# COAX LFE. Better?



## hotbutta (Dec 5, 2010)

Can coax (RCA type) cable be used to connect the LFE channels? thanks


----------



## sga2 (Nov 14, 2009)

hotbutta said:


> Can coax (RCA type) cable be used to connect the LFE channels? thanks


If the receiver has an RCA sub pre-out and the subwoofer has an RCA line level input the sub should be connected via RCA in lieu of speaker-level inputs. If both components have balanced XLR connectors, that woud be even better than RCA. 

I use Belden 1694a coax with RCA connectors for my subs.

Regards,
sga2


----------



## RBTO (Jan 27, 2010)

Not all coax is good for audio purposes. It is primarily designed to carry high frequency signals (radio frequencies) and does that quite well, however, some coax has a copper plated steel center conductor and mylar shielding with an aluminum drain wire, and is not be the best for low frequency (i.e., audio) signals. Coax can also be stiff and not nearly as flexible as cable designed with audio in mind. A cosmetic feature of audio cable is its more compact size, since most coax will be considerably larger in diameter (Beldin 8216 is an exception).
You can't do wrong by going with some good (not super good) quality audio cable with gold plated end connectors attached (molded on). Monoprice, Parts Express, and others have a lot to offer. _*There are no special cable requirements for the LFE channel*_ (over regular audio cables).
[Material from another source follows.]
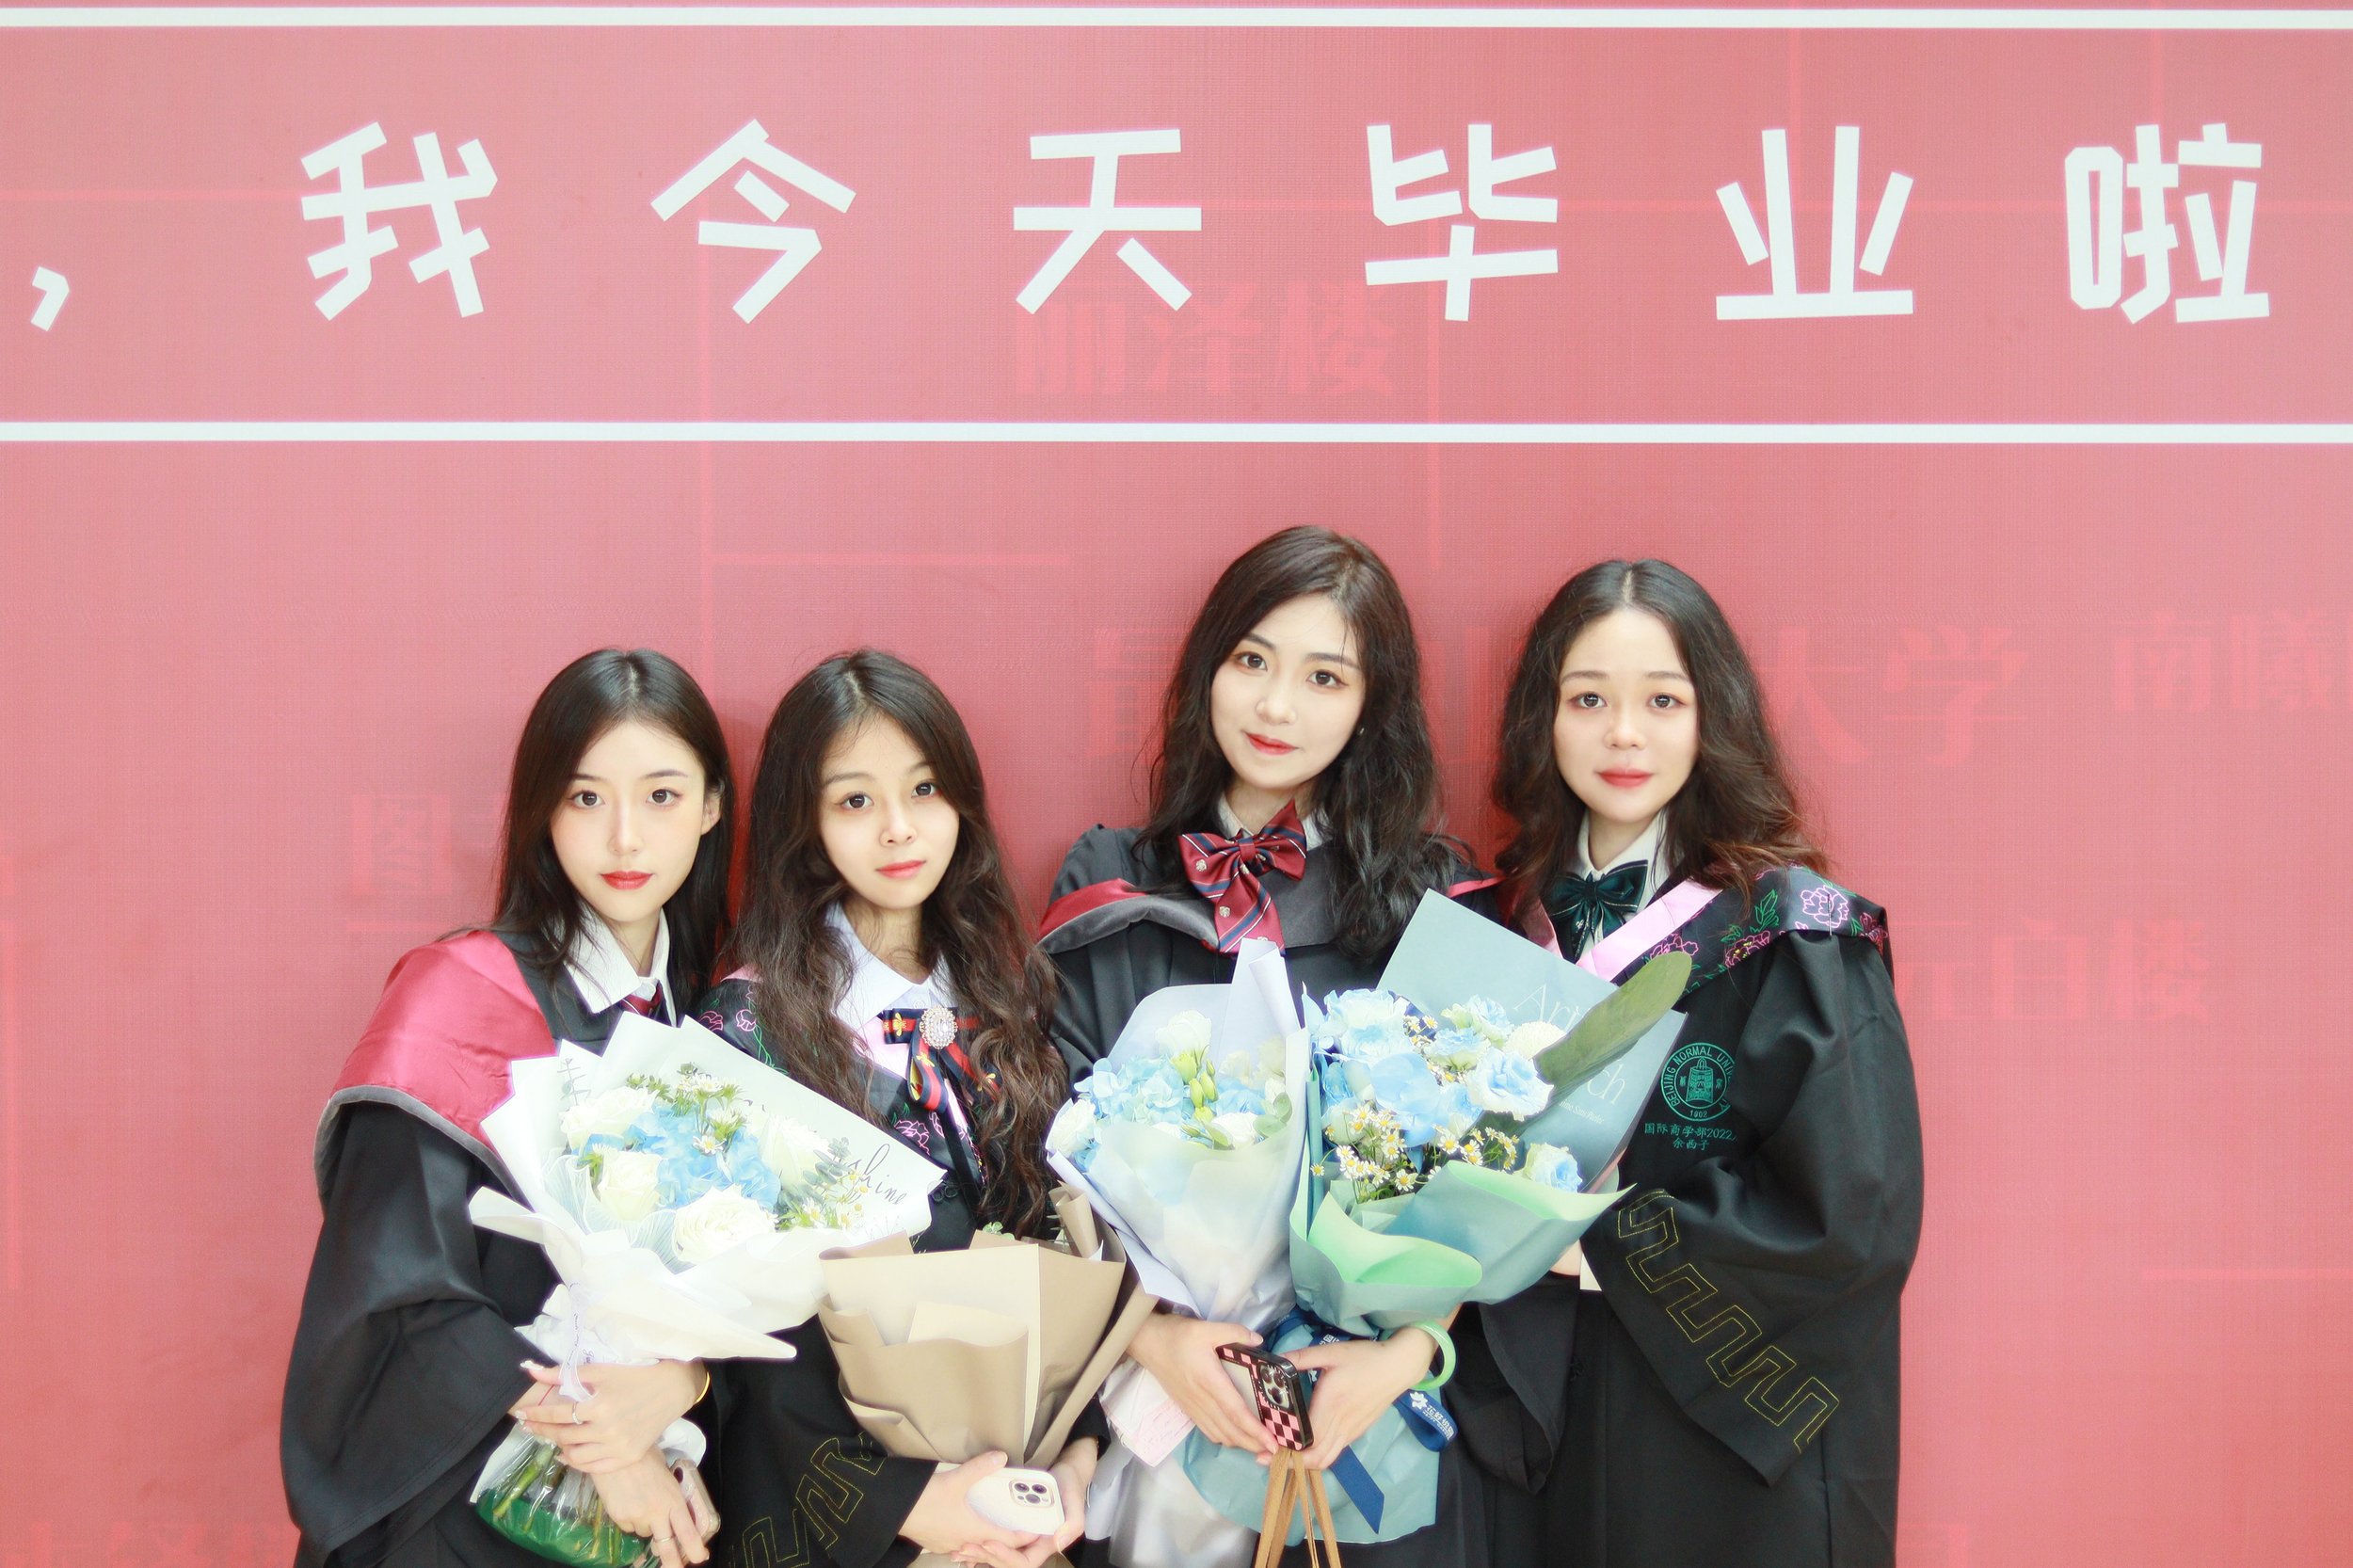  A group of friends celebrate their successful completion of the BNUZ-SMU Joint BComm Program at Beijing Normal University, Zhuhai. From left: Liu Xinran, Liu Jiaqi, Shi Jingyi and Yu Xizi.

If anything, the signals are less demanding than regular audio since they don't have high frequency content. _Shielding is important_, however, since any 60Hz picked up will be very noticeable in the LFE channel. I've used medium high quality audio cables with stranded wire construction for my LF connections with great success and satisfaction. They are flexible, and haven't failed me yet, in terms of performance.


----------



## chas (Jan 28, 2007)

Blue Jeans Cable has a little info (and a nice choice of cables) on their subwoofer cable page:
http://www.bluejeanscable.com/store/subwoofer/

Their Tartan line has some very inexpensive alternatives:
http://www.tartancable.com/subwoofer-cables/index.htm


----------



## lcaillo (May 2, 2006)

There is no problem electrically using coax. The only problem is the flexibility of the cable and any reliability in the connections if not made properly.


----------



## Anthony (Oct 5, 2006)

I use RG59 coax for all my RCA connections (LFE, digital, component video, audio). The RG59 is pretty flexible compared to the double shielded RG6 stuff, and the connections are fine. I am using Canare cable, but Belden makes fine coax cables as well. They both publish their loss per foot specs as a function of frequency and they are more than adequate for the audio band.

Blue Jeans cable is a great source for cables. Many of their cables are the same connectors and cable as I've made myself, and they're pretty cheap compared to AudioQuest, Monster, etc.


----------



## hotbutta (Dec 5, 2010)

Man,you guys are great. Thank you.


----------



## gsmollin (Apr 25, 2006)

You need only shielded cable for this connection. 

I don't recommend coaxial cable because it is usually too stiff. Coaxial cable is for controlled-impedance applications at 50 or 75 Ohms, such as RF transmission. RG-58 is 50 Ohm cable that flexible enough, but is almost always available with only BNC connectors because they are 50 Ohm connectors. RG-59 is available with RCA* connectors because of component video applications, but this is just unnecessary for audio, and you get absolutely no advantage to using a controlled impedance cable when your I/O is totally uncontrolled impedance.

* RCA connectors are not controlled impedance connectors anyway. Some vendors have produced RCA connectors that get close to 75 Ohms if you don't push the frequency too much. But once again, this is all pointless for a subwoofer connection, unless it is over 10 miles long.


----------



## Anthony (Oct 5, 2006)

I disagree. You _may _need shielded. Coax can still pick up noise if the sub cable runs along power lines in a bundle or rack. And since power is at 60Hz and that's usually right in a subwoofer's range, any noise picked up from power will be audible.

However, if you don't have the noise problem, you can get away with non-shielded.

And yes, no RCA is a true 75 Ohm connector, although Canare claims to keep it close for certain frequency ranges. But you don't need the impedance match for the audio band, as mentioned earlier.


----------



## Andre (Feb 15, 2010)

I used the same Belden 1694A that I wired the house with to make all my custom lenght audio and video coax cables. I used the Canares for all the video, of course this is all mute now with HDMI. My audio cables used the same wire (I bought a spool) and a less expensive compression/crimp RCA


----------



## Anthony (Oct 5, 2006)

That's the other thing about DIY coax -- crimp connections. After soldering more XLR (balanced) and RCA connectors than I care to admit -- I will never go back now that I have a couple of good coax crimpers.

It's the difference between 3 minutes crimping and 10 minutes for soldering.


----------



## Andre (Feb 15, 2010)

And you don't have to worry about cold solder connections


----------



## moggi1964 (Jun 7, 2008)

I have the Blue Jeans Cable LC-1 Analog Audio Cable on a 14ft run. Nice and flexible and does the job.


----------



## gsmollin (Apr 25, 2006)

Anthony said:


> I disagree. You _may _need shielded. Coax can still pick up noise if the sub cable runs along power lines in a bundle or rack. And since power is at 60Hz and that's usually right in a subwoofer's range, any noise picked up from power will be audible.
> 
> However, if you don't have the noise problem, you can get away with non-shielded.
> 
> And yes, no RCA is a true 75 Ohm connector, although Canare claims to keep it close for certain frequency ranges. But you don't need the impedance match for the audio band, as mentioned earlier.


If you are responding to my post, as I said, "You need only shielded cable."
Coaxial cable is built to provide a controlled characteristic impedance to wavelengths shorter than the length of cable in use. This is important for RF and high speed digital cables, but adds no benefit to audio signals, unless you are going miles.


----------